### DATASET EXTRACT:
################

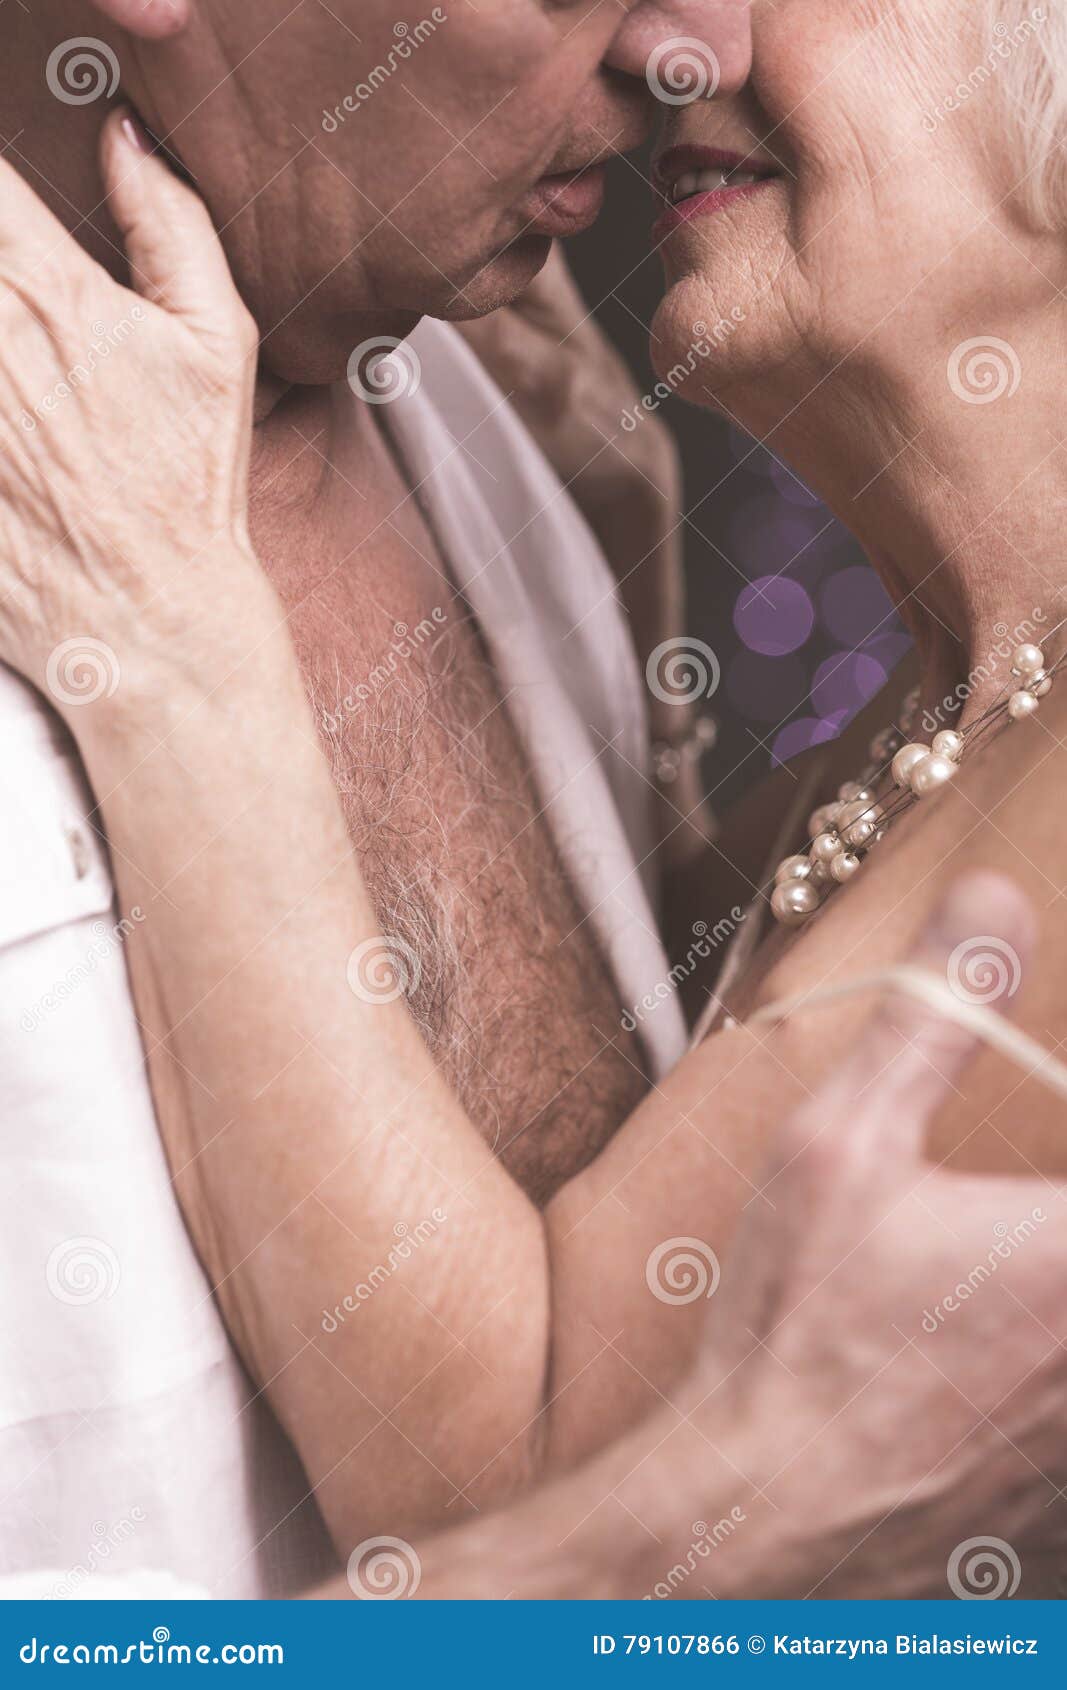 Desire and Sex in the Elderly Stock Photo photo
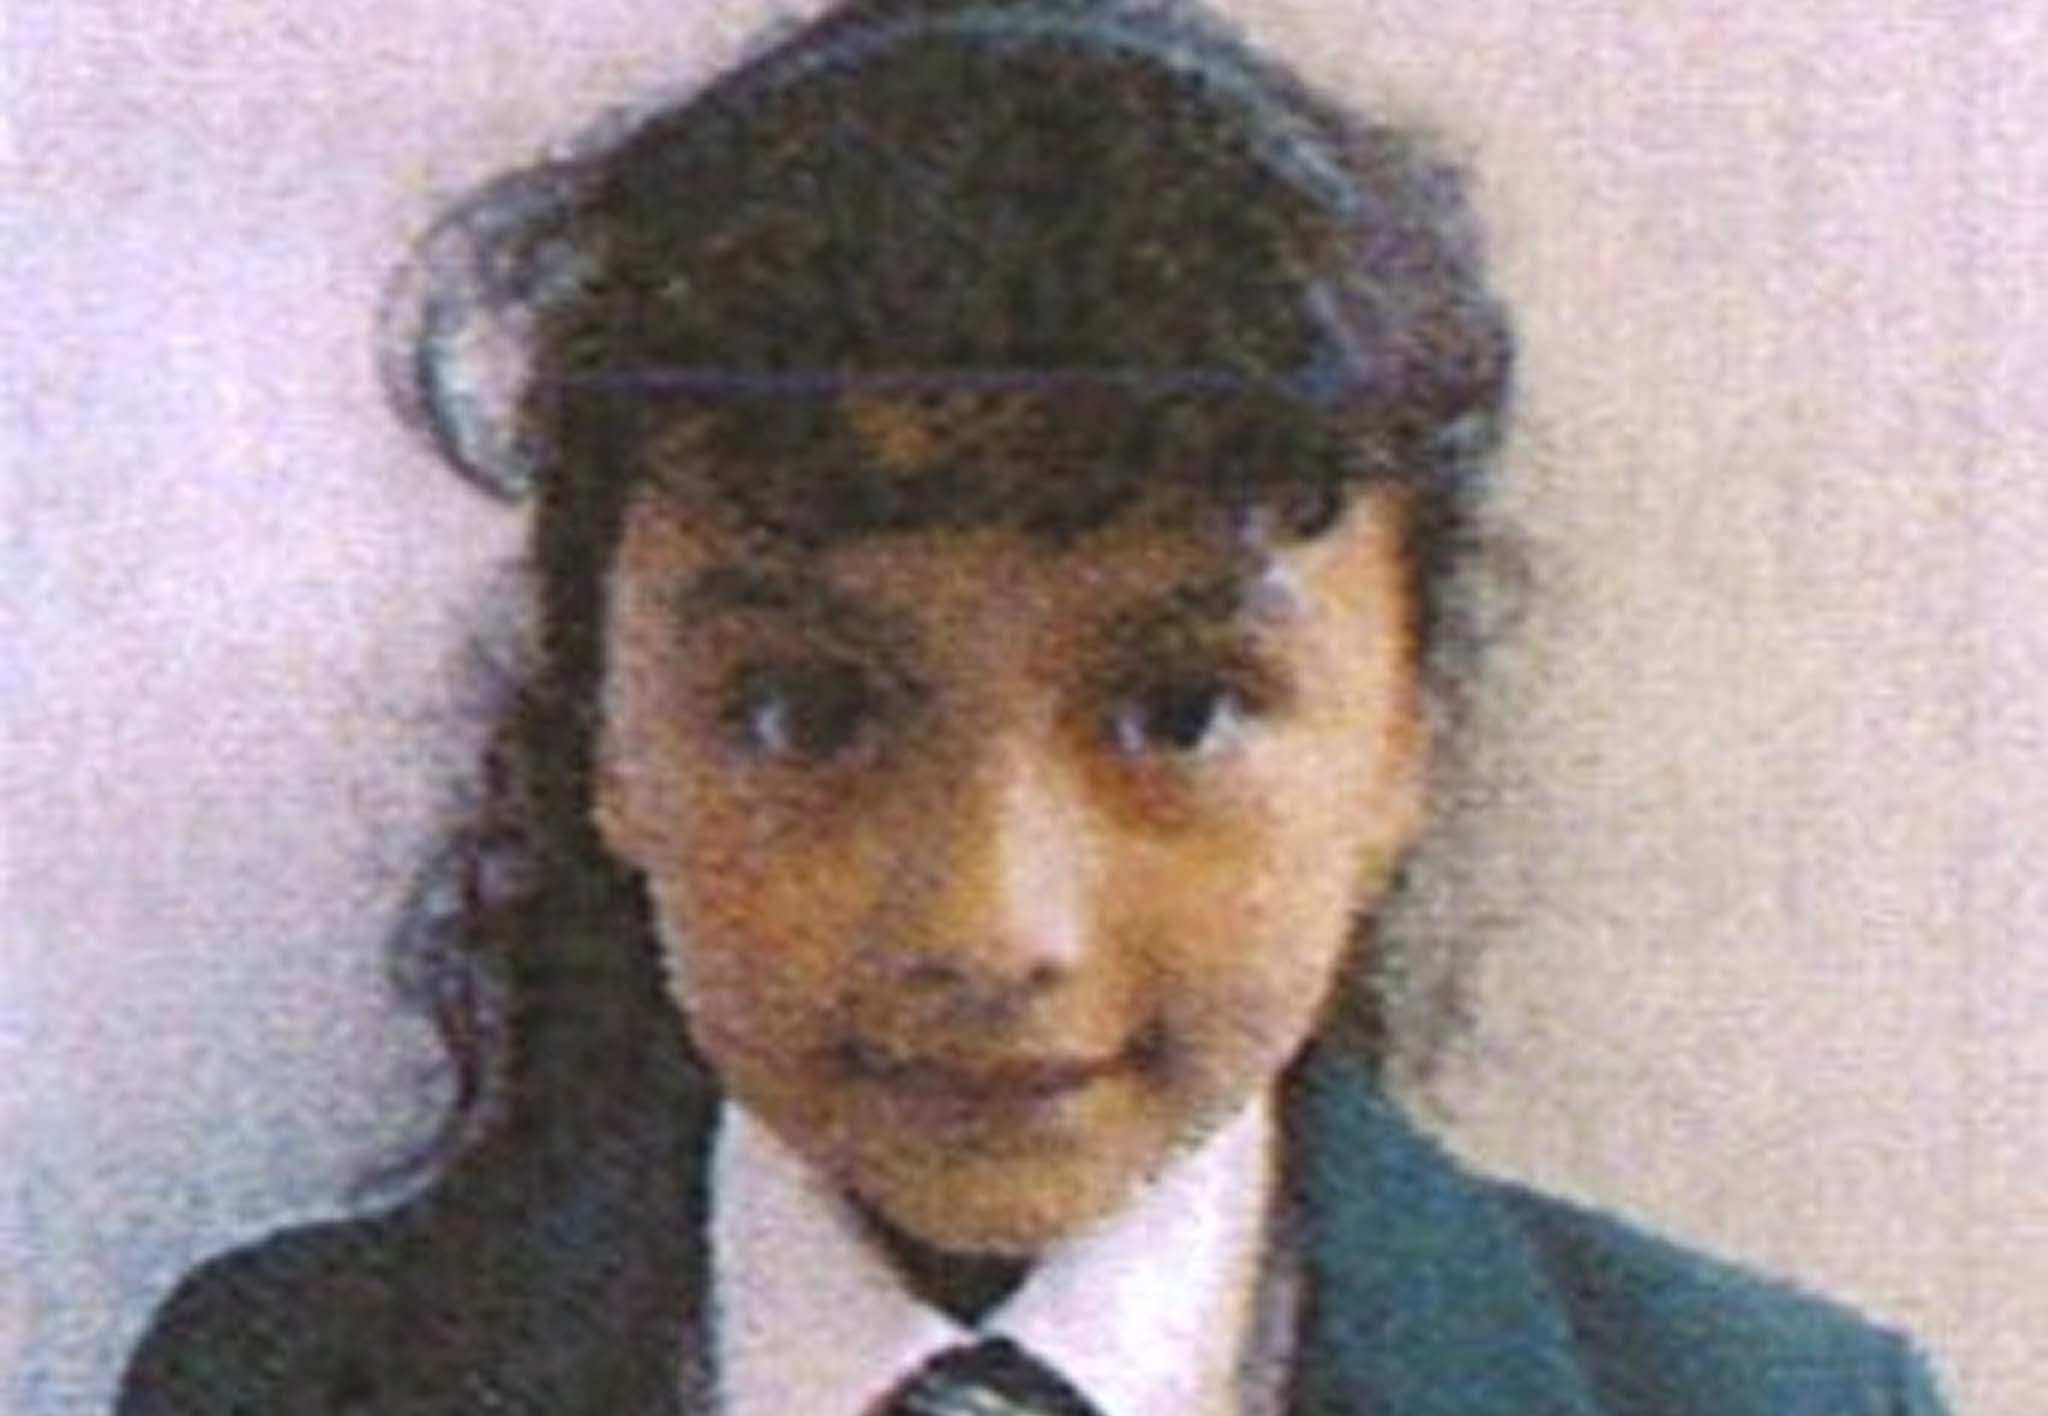 Katrina Carvajal-Zurita, 8, has been missing for two days
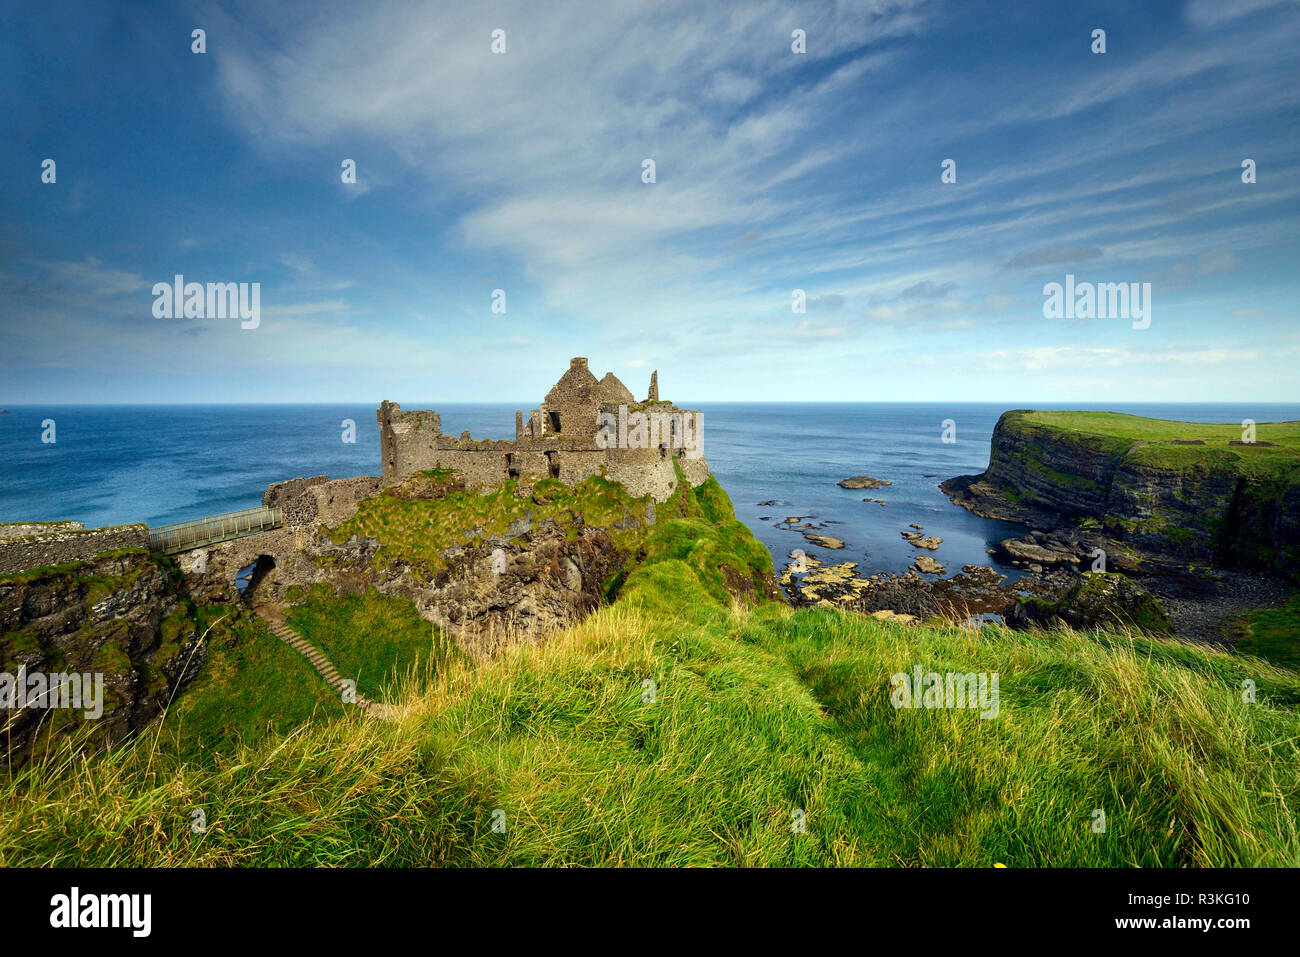 Ireland, Ulster, County Antrim, Bushmills: Dunluce Castle, Pyke Castle, Iron Islands, in the TV series Game of Thrones Stock Photo
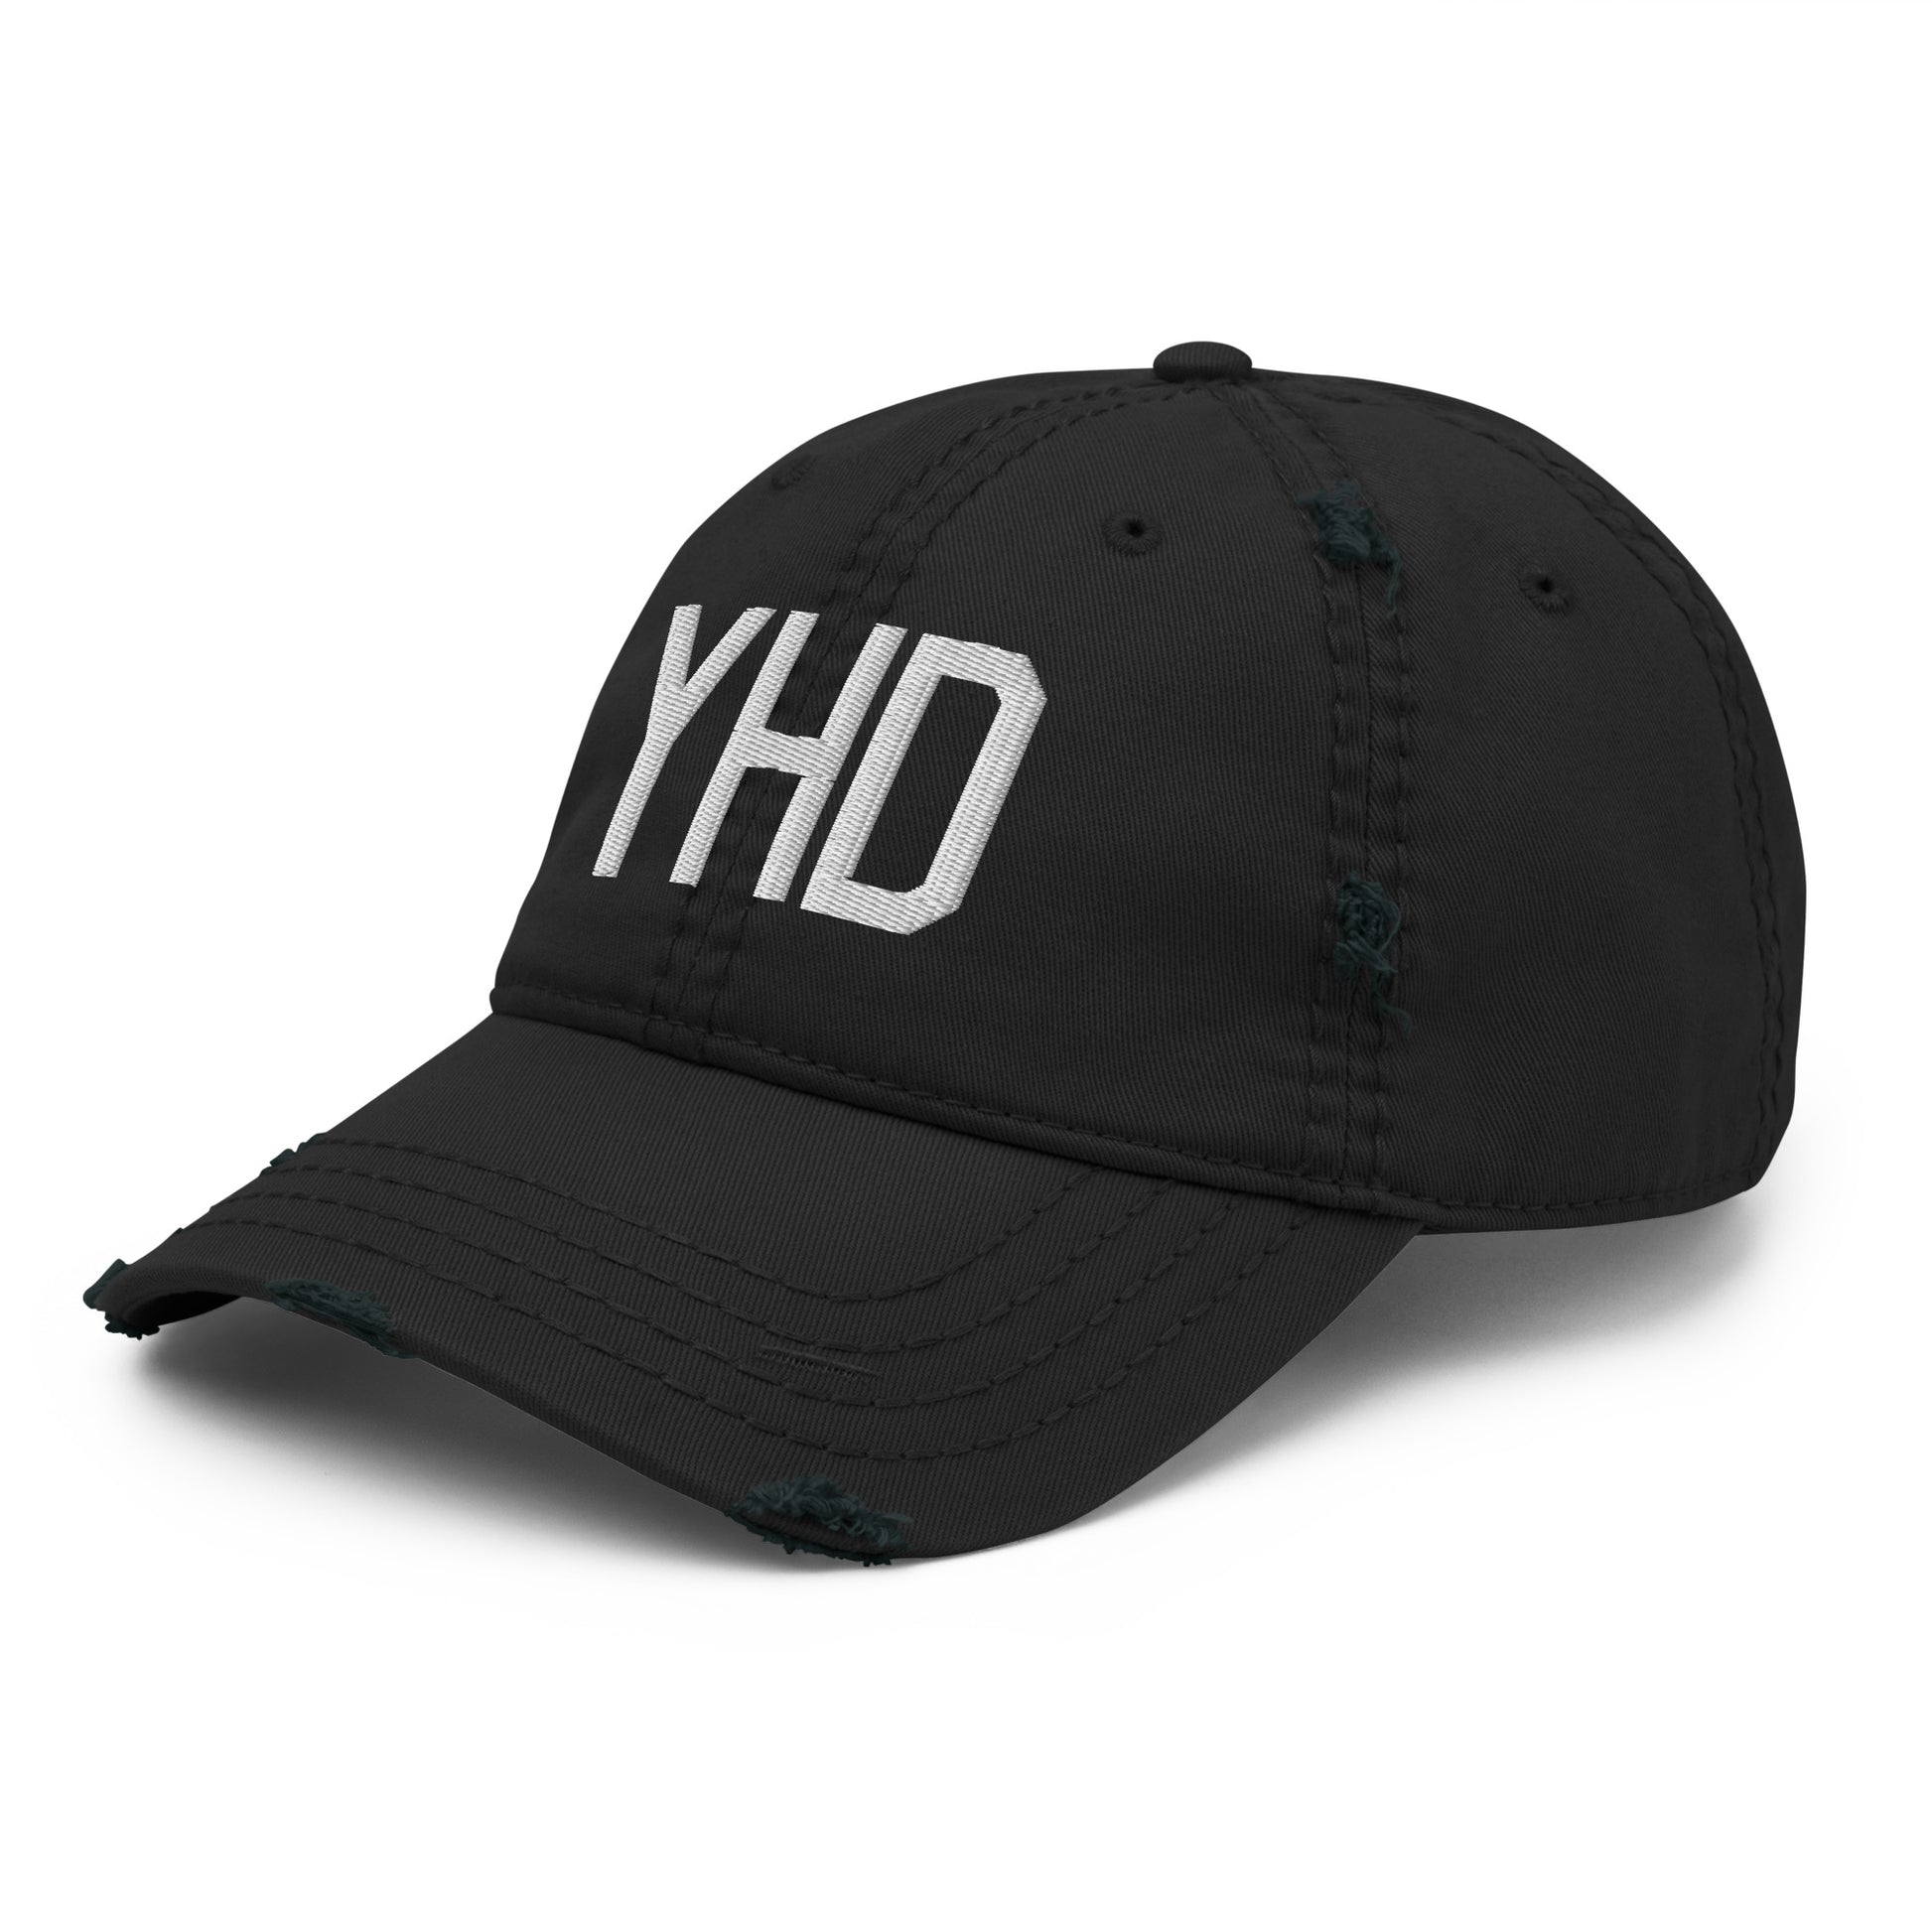 Airport Code Distressed Hat - White • YHD Dryden • YHM Designs - Image 11

################

### AIM OF THE TASK:
Reproduce, word for word, the lines from the one containing "Ireland, Ulster, County" through the final line above. Leave every picture out.

### RESPONSE:
 Ireland, Ulster, County Antrim, Bushmills: Dunluce Castle, Pyke Castle, Iron Islands, in the TV series Game of Thrones Stock Photo
 Airport Code Distressed Hat - White • YHD Dryden • YHM Designs - Image 11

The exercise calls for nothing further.